El silencio se instaló en el Jardín de Niños María Helena Chaires, donde las clases fueron suspendidas por dos días tras el fallecimiento de Ian Gael, el niño de 6 años que perdió la vida en un accidente ocurrido en el área de juegos del plantel.
Afuera de la escuela, el dolor tomó forma en flores, veladoras, globos y pequeños juguetes que comenzaron a aparecer desde temprana hora. Madres y padres de familia, así como vecinos del sector, llegaron poco a poco para rendir un homenaje espontáneo al menor, en una muestra de cariño, solidaridad y profundo pesar por su partida.

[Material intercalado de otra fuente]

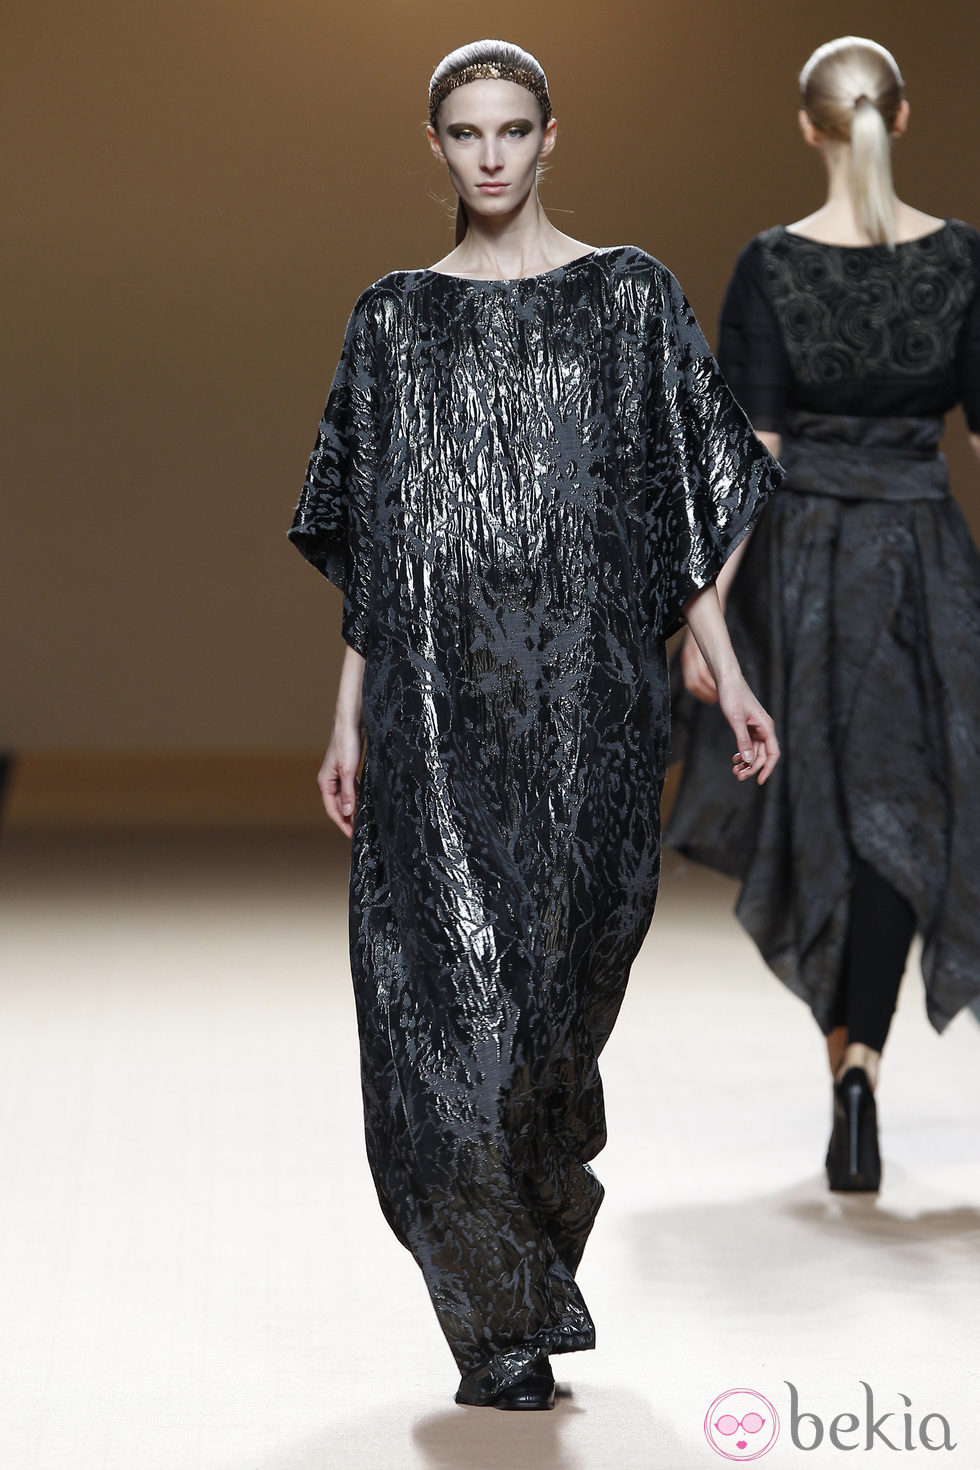 Desfile de Jesus del Pozo en la Fashion Week Madrid: vestido túnica negra metalizada

Las veladoras encendidas, junto a la entrada, iluminaban el acceso cerrado del plantel, mientras los globos se mecían suavemente con el viento, como un gesto silencioso de despedida. Como se recordará, el accidente ocurrió este lunes al interior del kínder, en el área de juegos, donde el pequeño sufrió el incidente que posteriormente le costó la vida, generando consternación en toda la comunidad.
El acceso al plantel permanecerá restringido mientras la Fiscalía del Estado continúa con las investigaciones para esclarecer las causas del fallecimiento. Será hasta que concluyan las diligencias cuando se determine la reanudación de clases.
Mientras tanto, el kínder permanece en pausa, convertido en un espacio de duelo, donde la ausencia de un niño se siente en cada rincón y donde una comunidad entera intenta asimilar una pérdida que duele profundamente.